You see, in valuing a government bond, there is complete certainty in future cash flows and you can put a precise intrinsic value to the bond. But in equities, you are playing with probability and can arrive at a whole range of values for a single stock based on the assumptions you put in, so it is good to be conservative.

One very interesting perspective on this was in Howard Marks' latest book Mastering the Market Cycle. He says that stock prices often swing like a pendulum between the two extremes of valuation. They spend a lot of time in expensive or cheap zone due to extremes of emotion. But they stay for a very little time at the mid-point, which is the fair-value zone.

PPFAS also invests in stocks listed overseas. Today, do you find more opportunities in the domestic or overseas markets?
I would still say there are attractive opportunities in the overseas market. This is because in developed markets, like the US, you don't have these 'long runway' stories about stocks that are premised on the economy growing at 8 per cent plus for many years. Those assumptions lead to over-valuation in the Indian market.

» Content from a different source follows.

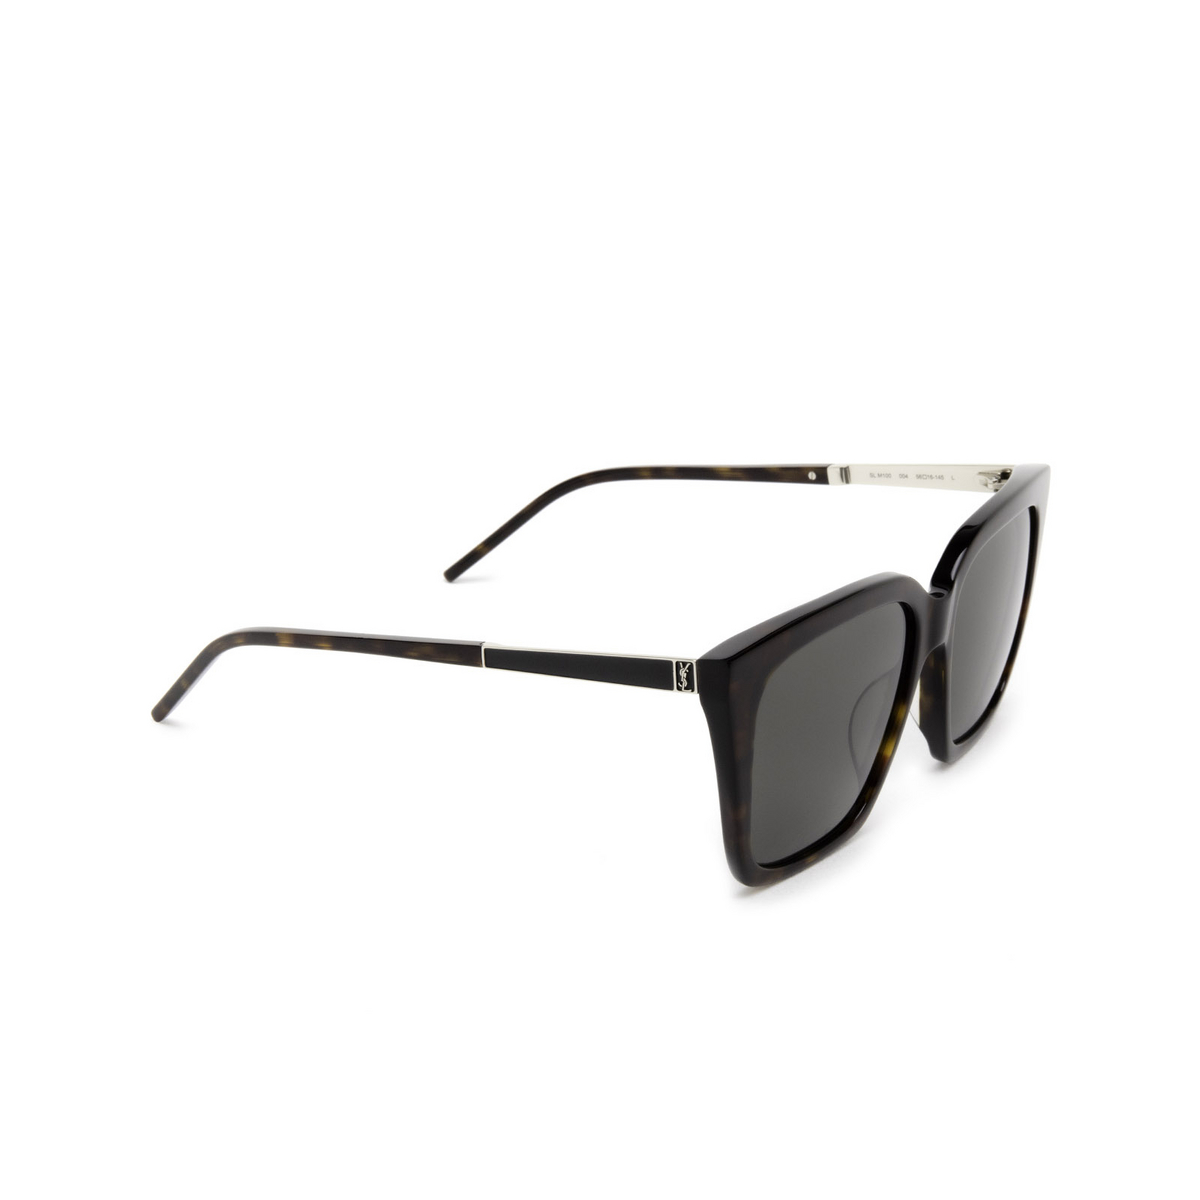 Saint Laurent® Square Sunglasses: SL M100 color Havana 004 - three-quarters view.

The high stock valuations that we have seen in India for the last five years were the result of excess global liquidity and near-zero interest rates. As liquidity is now withdrawing and rates are shooting up, should Indian investors prepare for lower valuations on equities. Should we stop expecting our portfolio values to go back soon to the highs we saw in August 2018?
You are right. Investors cannot be anchored to those market highs. In 1995, 10-year G-secs were offering yields of 14 per cent. Tata Steel and L&T were borrowing money at 18 per cent. From those days, Indian G-sec yields steadily fell and went below 5 per cent at one point. US treasury yields have fallen from 14 per cent in the early 80s to 2 per cent. So for a generation, global markets saw lower and lower bond yields. Now that global yields have started rising, valuation multiples for equities need to correct. Yes, as corporate profits grow, the portfolio may eventually go back to those highs. But it will not happen immediately. There may be a time correction and the market may take time to take out those highs.

You believe even small-cap funds are risky for retail investors. Why?
Studies have shown that small-cap stocks deliver slightly more returns than large caps mainly because they are under-researched. But in bull markets, that gets turned on its head. New investors and portfolio managers mushroom. They are looking mainly at small-cap stocks, which get over-covered and become too expensive. Generally, there is a view in India that "I already know everything there is to know about Infosys, TCS and HDFC Bank, so let me look for the next Infosys, TCS and HDFC Bank." But sometimes, the existing Infosys and HDFC Bank becomes quite attractive and you are still chasing the next one!

Should Indian equity investors reduce their return expectations from the usual 12-15 per cent CAGR, especially as inflation in India seems to have come down to 5-6 per cent range?
Yes, it is best to set your return expectations on the basis of a real return over and above the inflation rate. Making your financial plans on the assumption that equities will generate more than a 4-5 per cent real return and debt will generate more than 1-2 per cent real return is risky. If you think inflation in future will be at 5 per cent, it is best to expect 10 per cent from equities. If you make conservative assumptions and are surprised by better returns, that's always good.